I was born in San Bernardino, California and lived in San Diego until I graduated High school in 2003. (Yes that makes me 32. lol) I moved from San Diego to Houston Texas to attend Prairie View A&M University, and I experienced a HUGE culture shock. Going from a predominantly white high school to an all black HBCU...talk about adjustment....a much needed one though. I fell in love with H-Town and it became home for me. A few years passed and I found myself missing the mark, not feeling fulfilled or accomplished in my life. Why? Because I was doing things that I thought would make other people happy instead of finding and doing what made me happy. When I did not receive the acknowledgement or praise that I expected from certain people, I would feel as though I had failed. "Well I did 'x' I just knew they would be happy about that..." but unfortunately, pleasing people is a never ending battle.

 

Most recently I relocated to the Dallas area from Houston.
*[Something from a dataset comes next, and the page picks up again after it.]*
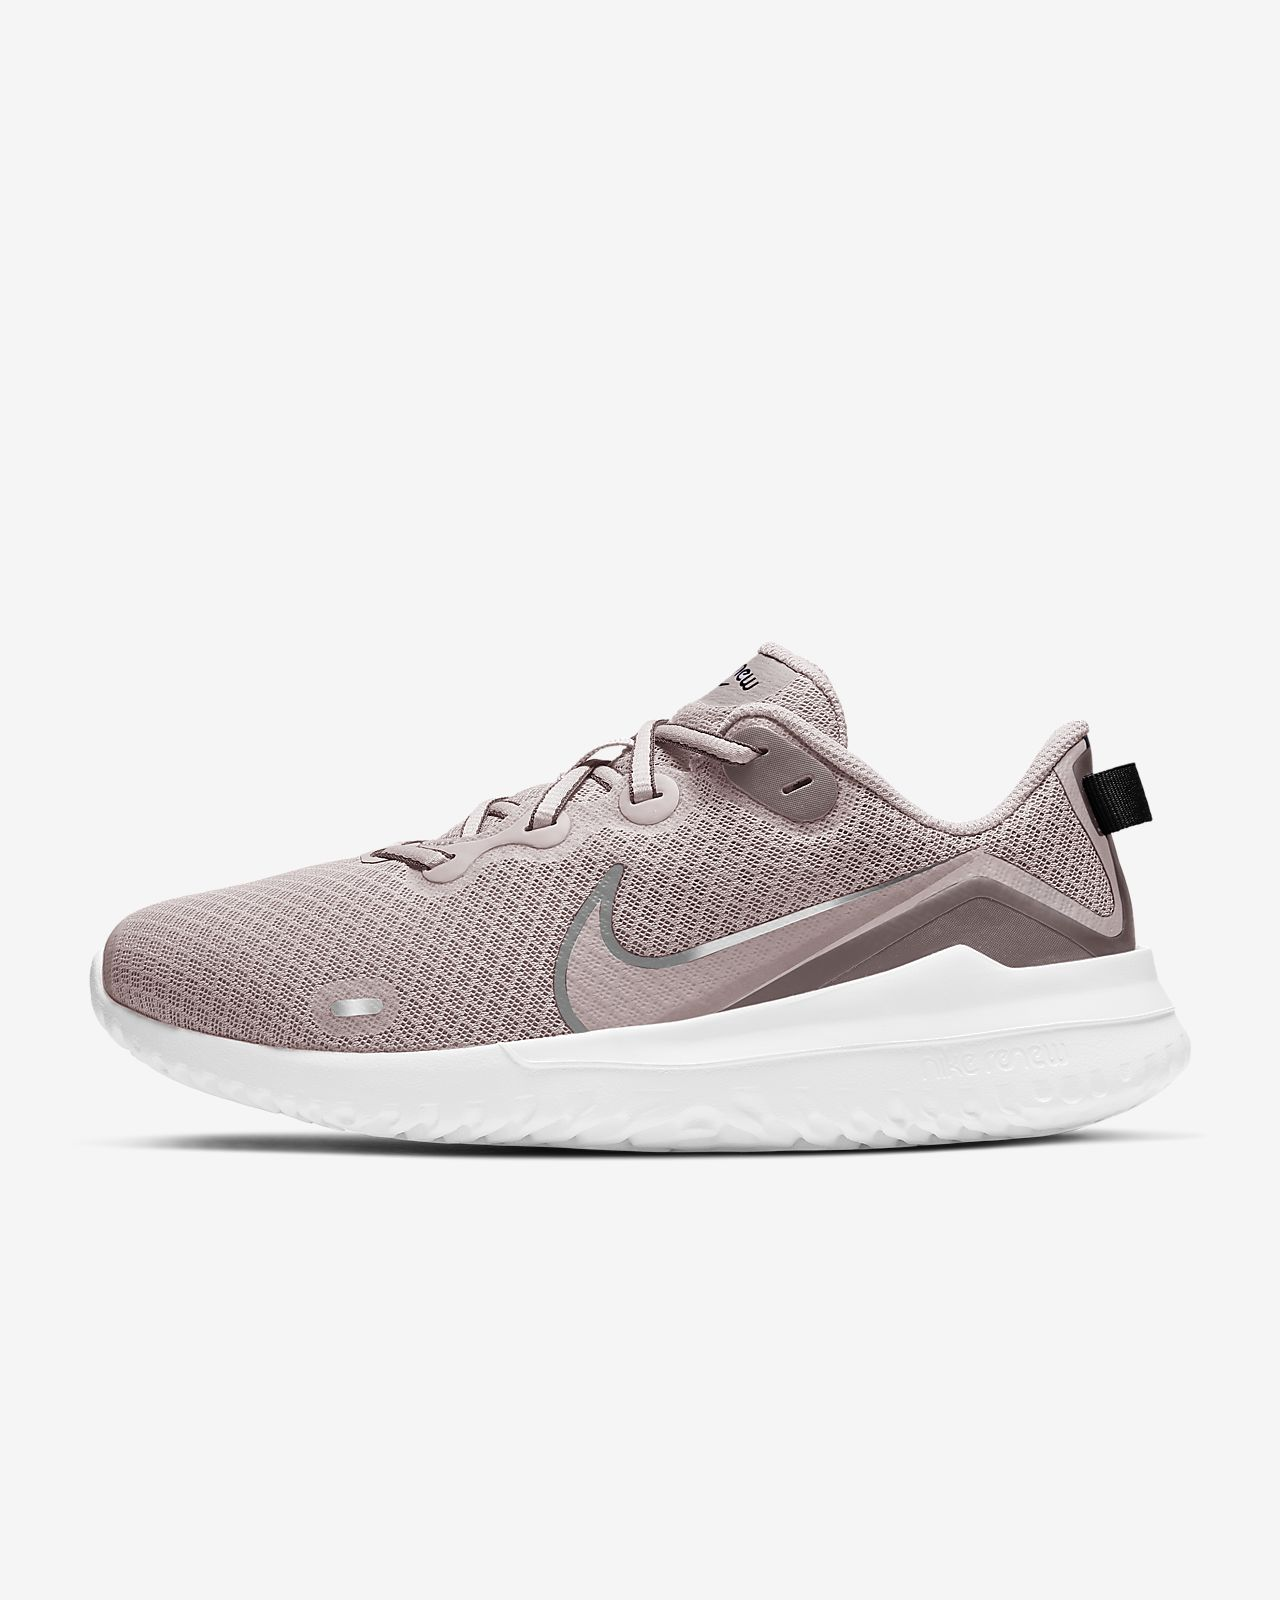 Calzado de running para mujer Nike Renew Ride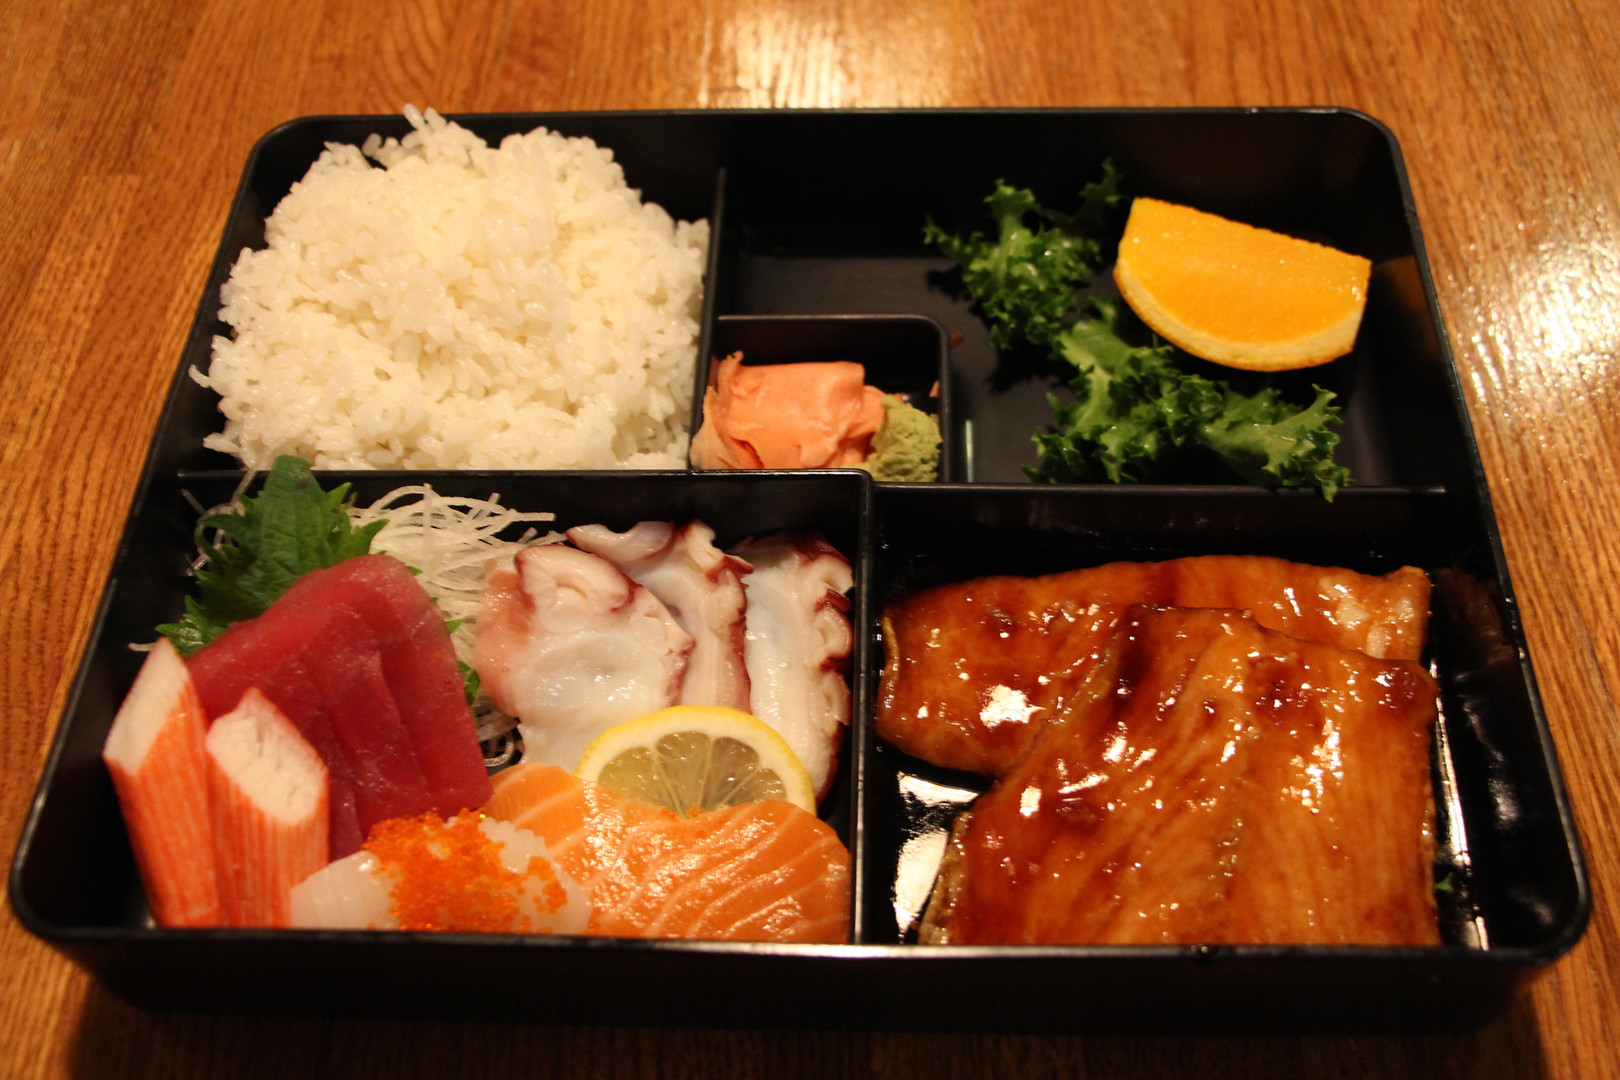 Sashimi & Salmon Teriyaki Bento Box

At the tender age of 31, I finally said, "It's Me Time" and meant it. I am no longer seeking approval from anyone in any way. I am strictly doing what makes me happy. I have always loved getting out and discovering things but i have felt more of an urge to do so since I relocated.  On my journey now I find myself doing things I have never done before, saying things I was too afraid of saying and everyday, being the person I thought I could only be in my dreams. It is so unreal. Allowing myself to be free in all aspects of my life is the ultimate goal, that is the journey that I am on. It is not a smooth or easy journey by any means and since I know that I am not the only one who is on this same journey, I wanted to share mine to encourage, enlighten and engage.

 

In Dallas (and surrounding areas) there is so much to explore and share! I plan on getting out and sharing the best restaurants, museums, venues, bars, social events and maybe even planning a few social events of my own! As much as I love Texas, I enjoy a change of scenery as well! So I will be sure to share the best travel deals, vacation destinations, my different experiences with different cultures and fashion from around the world and so much more!!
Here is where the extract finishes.